With all the ferries gone, the only way to get across Puget Sound is to go south, around it. From Capitol Hill, we get on Interstate 5 heading south, which will take us to Tacoma and then across the Tacoma Narrows Bridge. Bremerton is just north of that. We’re making good time. The freeway heading south out of the city is seven lanes wide. I weave the car back and forth like a skier on a slalom course, navigating around the wrecks while going nearly eighty.
After about a half hour of uneventful driving, we race past downtown Tacoma and take Highway 16 toward Tacoma Narrows Bridge. Soon, we’ll cross Puget Sound and onto the Kitsap Peninsula. Just a few more miles, and we’ll be home free.

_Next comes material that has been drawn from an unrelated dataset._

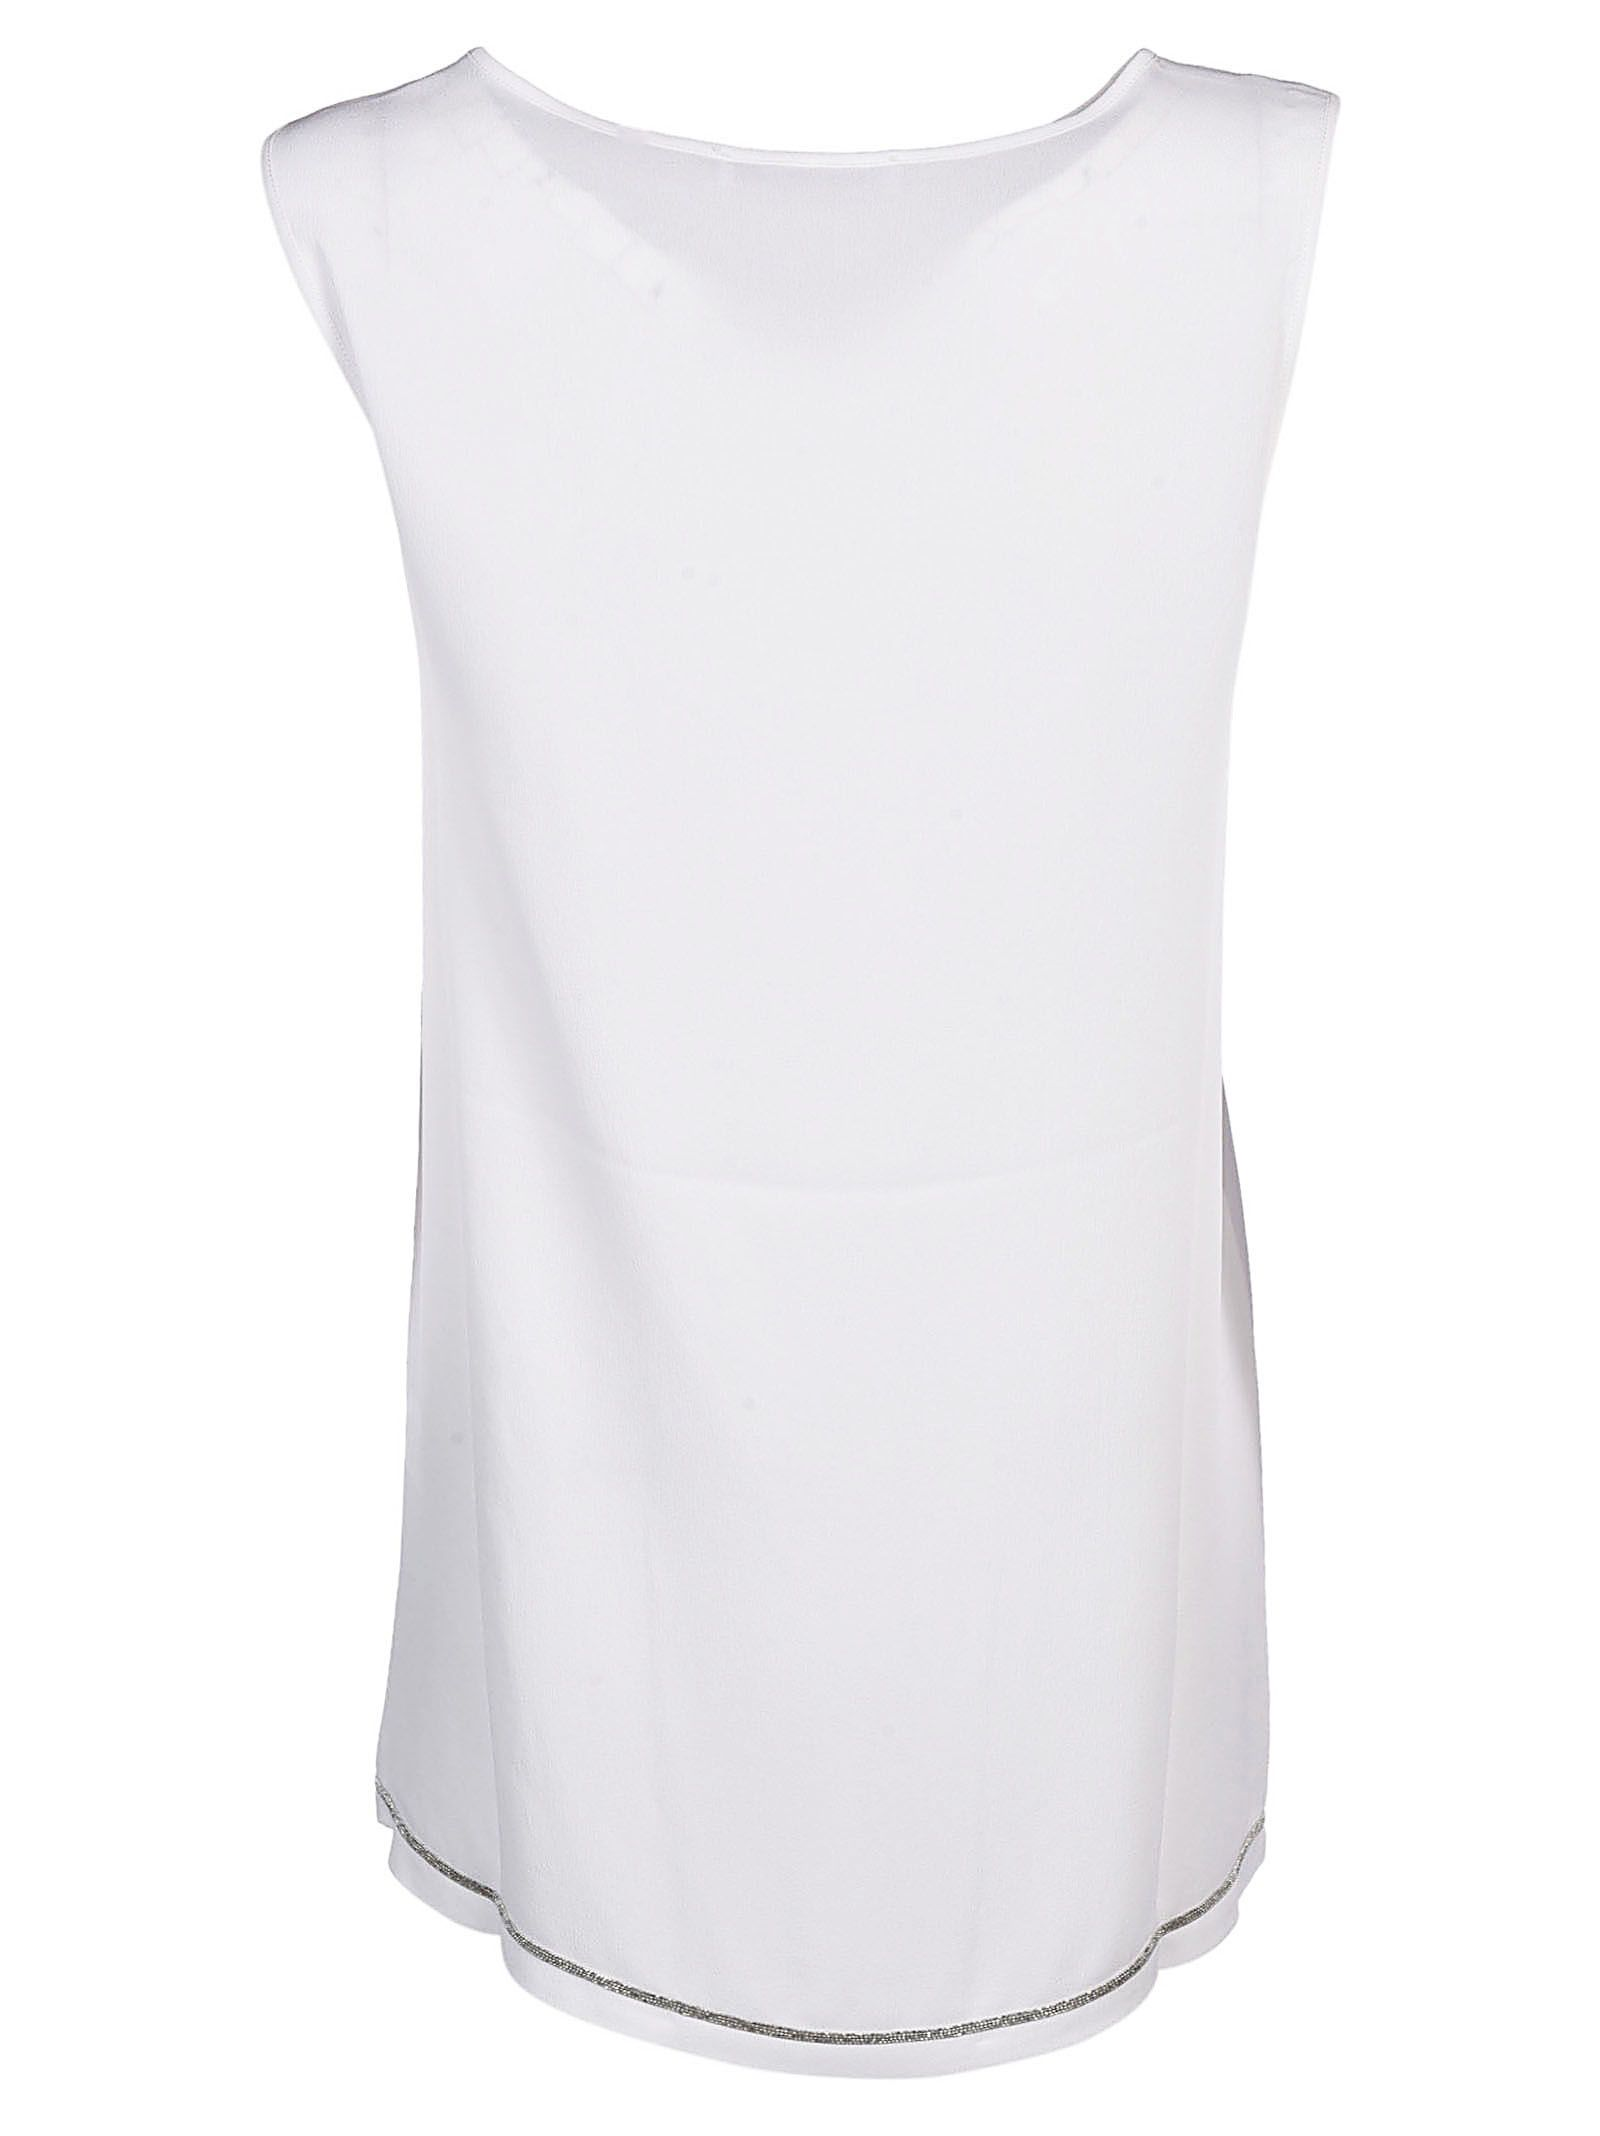 TOPWEAR - T-shirts Fabiana Filippi Cheap Low Price Sale Sale Online Explore For Sale lOfk3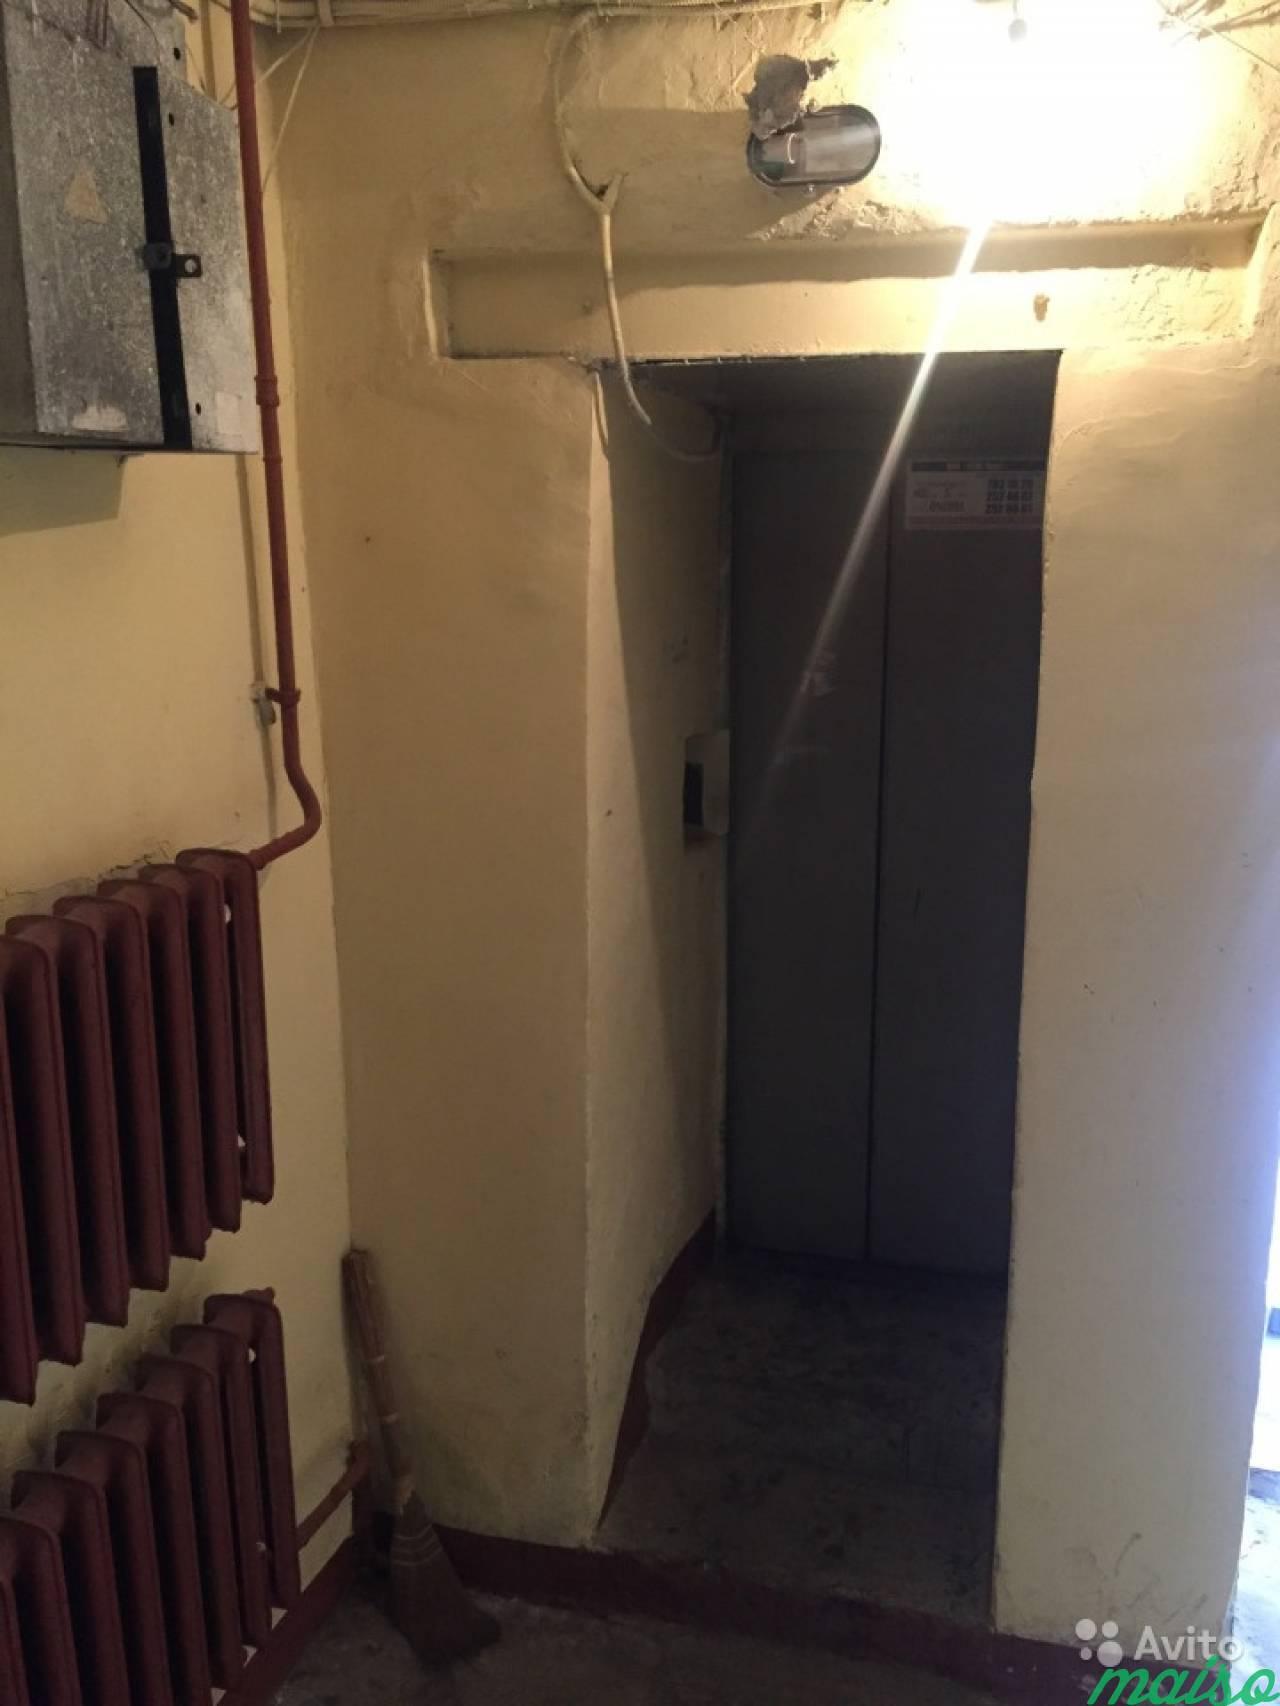 Комната 18.5 м² в 4-к, 5/6 эт. в Санкт-Петербурге. Фото 8

We’re cruising around the last bend before the approach to the bridge. The Audi is cruising fast along the wide-open freeway. And then I slam on the brakes. We come to a shrieking stop, leaving a dark streak of burned rubber on the road. I step out of the car and gape, trying to process the sight before me. A massive twisted hunk of metal, concrete, and wire sits where two massive suspension bridges used to stand tall, built side by side, spanning the Tacoma Narrows waterway.
Zach walks up to my side. He looks onward at the carnage before us. “I can’t believe what I’m—”
But he can’t complete his sentence as he doubles over and lands on his hands and knees, overwhelmed by a fit of coughing.